WHAT THE EXERCISE ASKS
Extract the full listing verbatim and drop any pictures from your copy.

DATA BLOCK
* * * * * * * * *
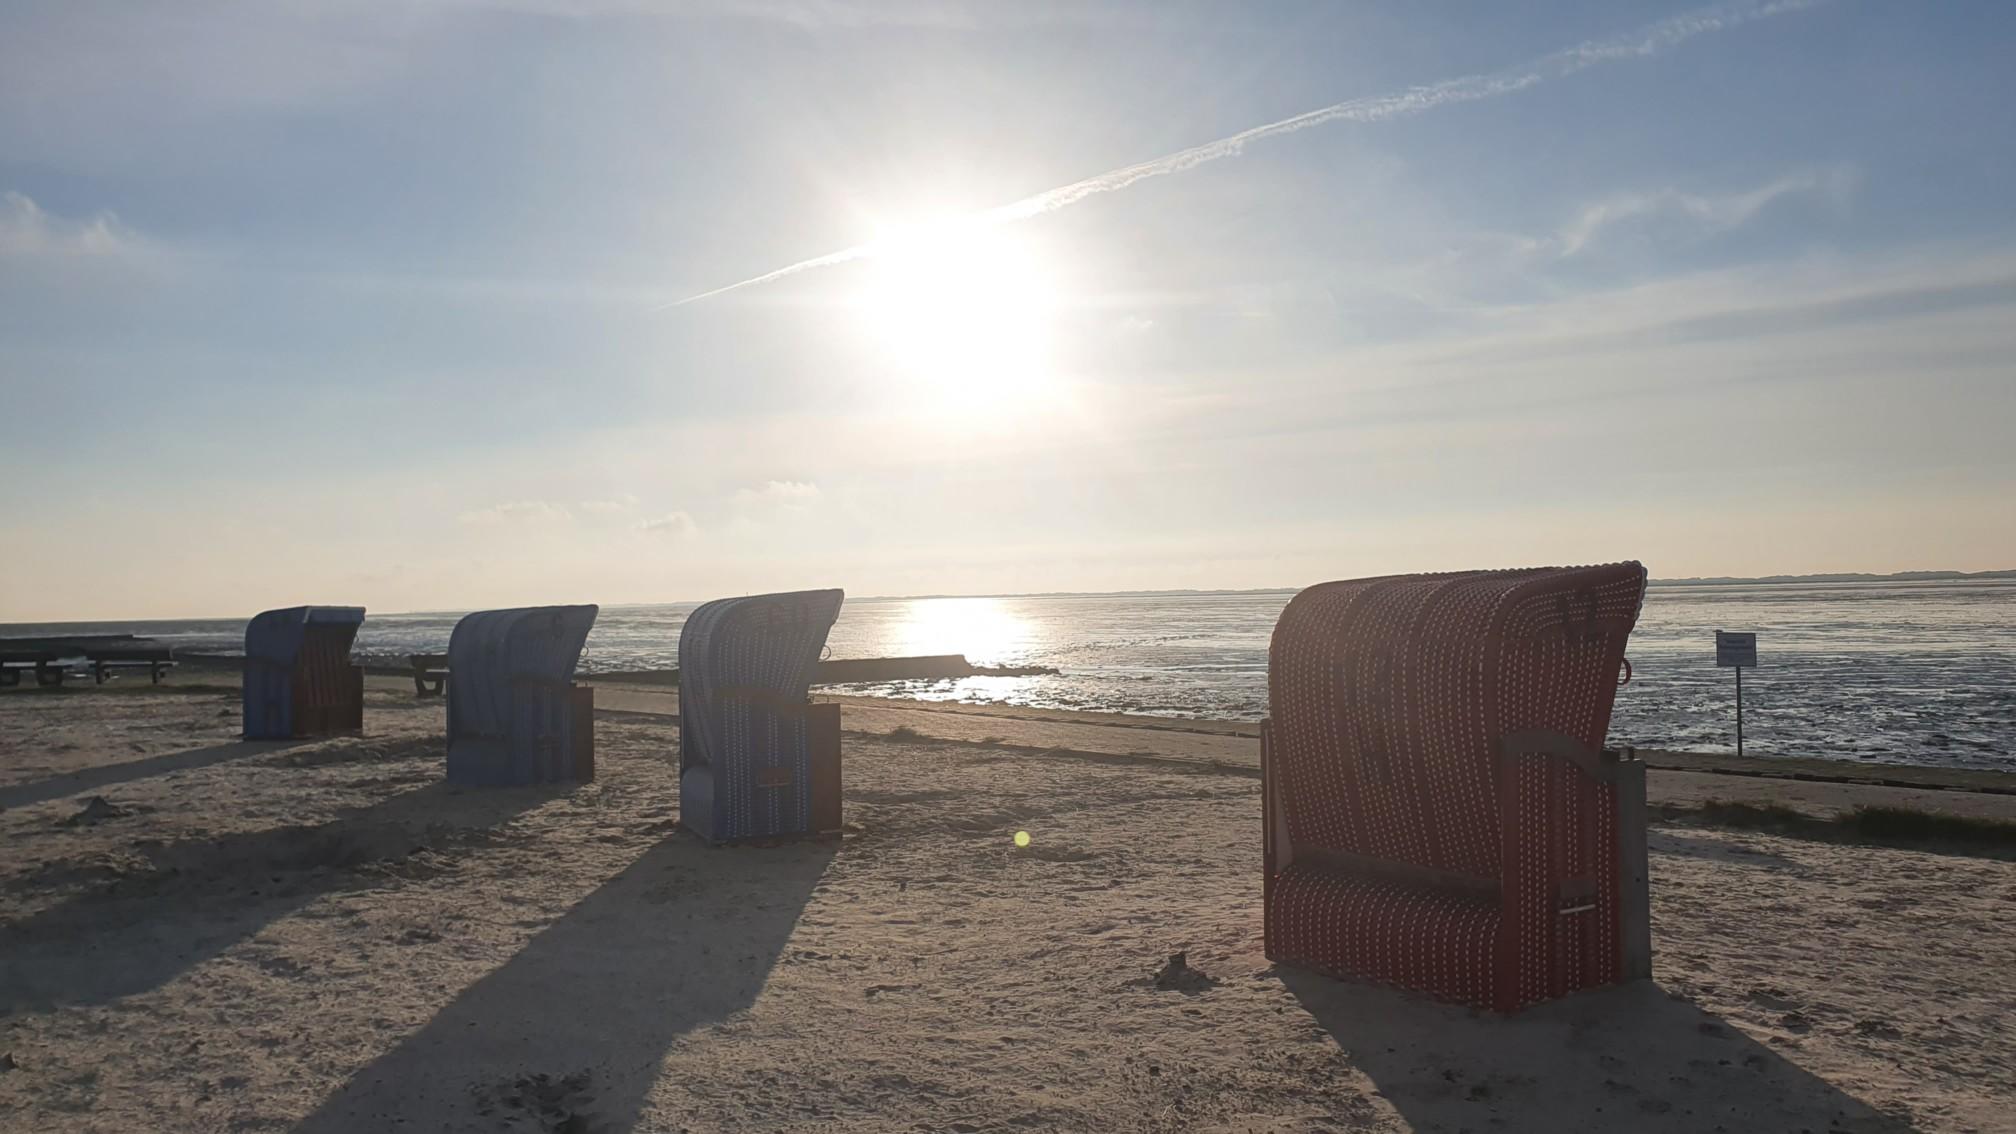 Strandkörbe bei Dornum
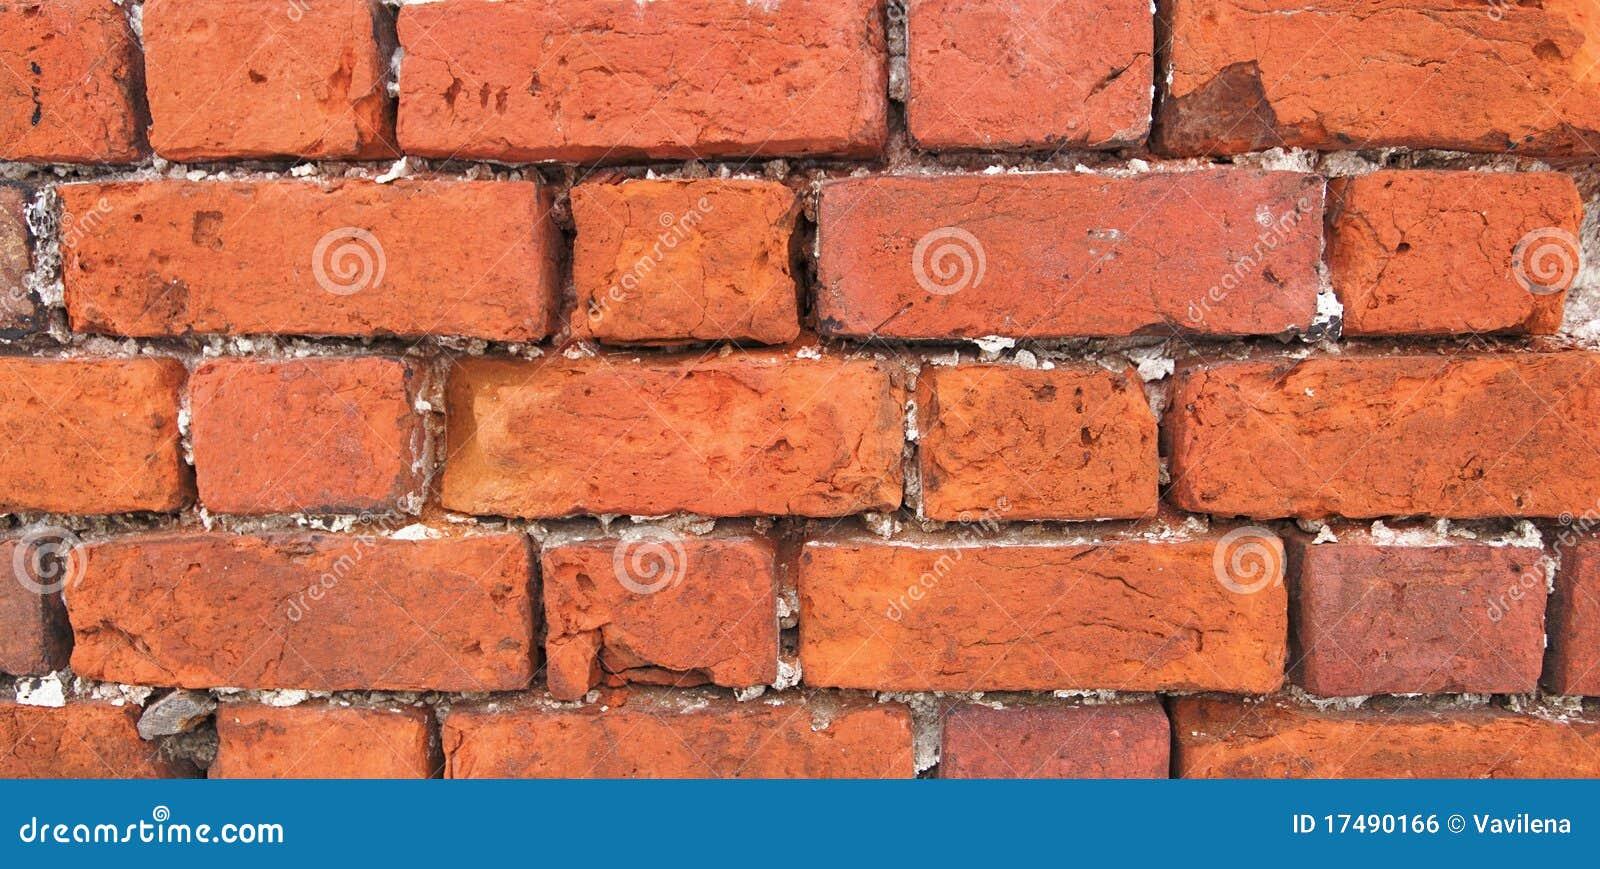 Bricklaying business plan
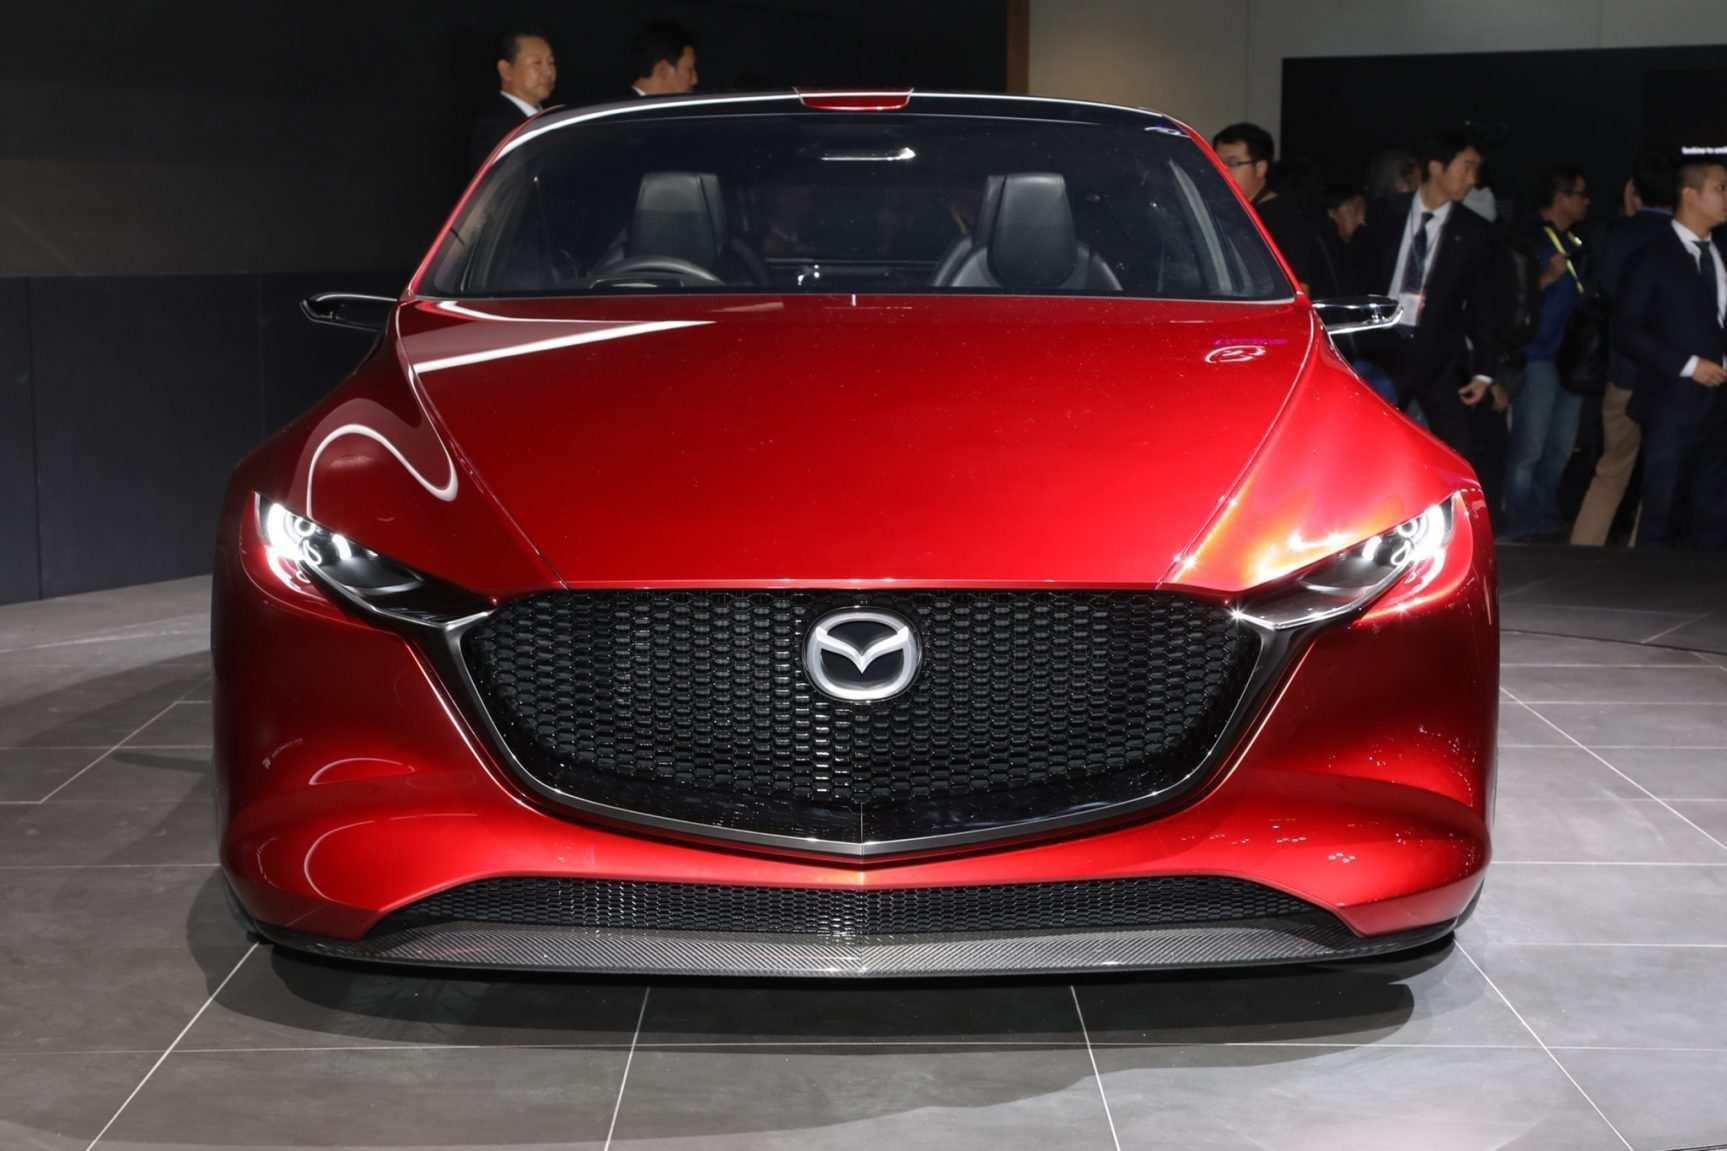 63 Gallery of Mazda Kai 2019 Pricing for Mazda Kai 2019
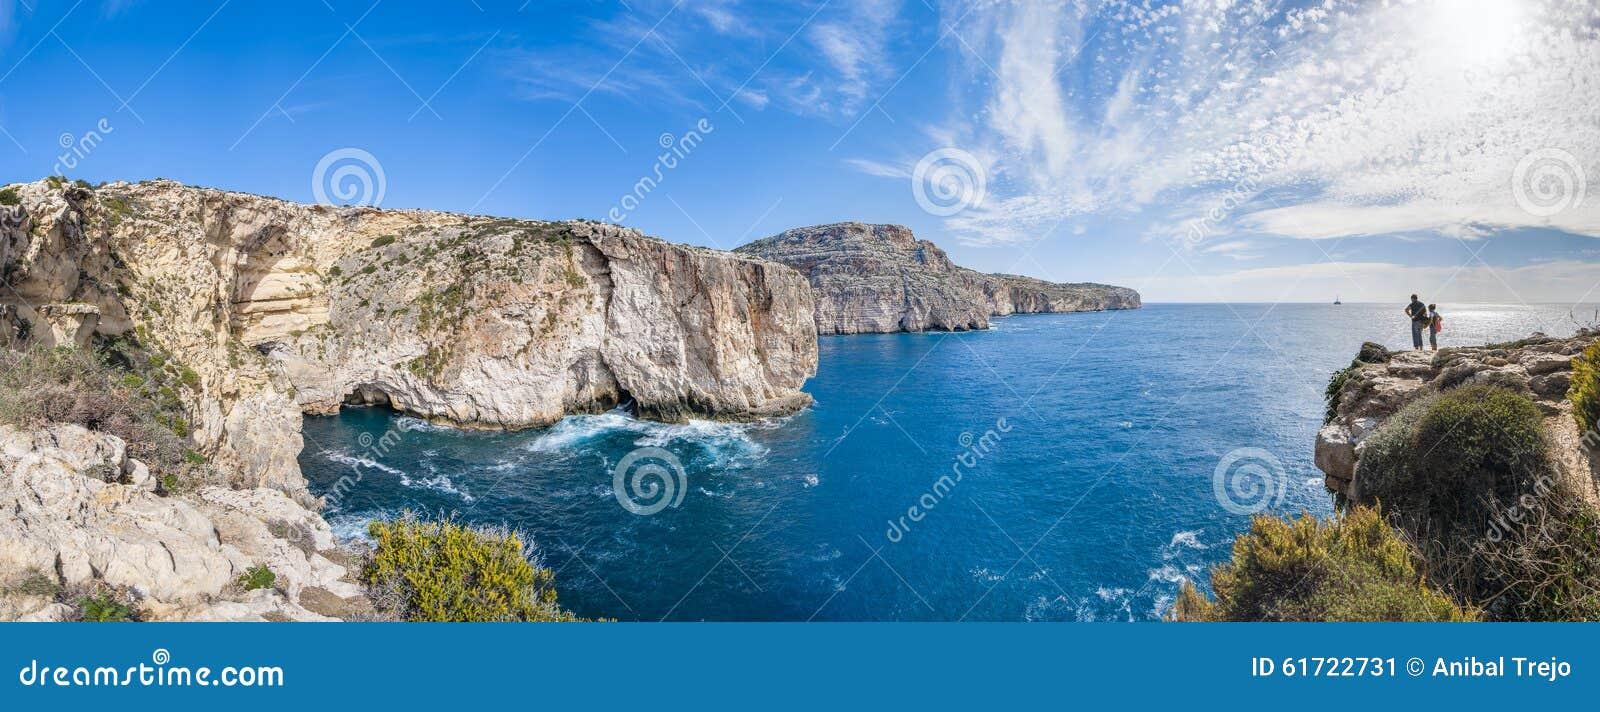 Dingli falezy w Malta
* * * * * * * * *
WRITTEN SOLUTION
 Strandkörbe bei Dornum
 Bricklaying business plan
 63 Gallery of Mazda Kai 2019 Pricing for Mazda Kai 2019
 Dingli falezy w Malta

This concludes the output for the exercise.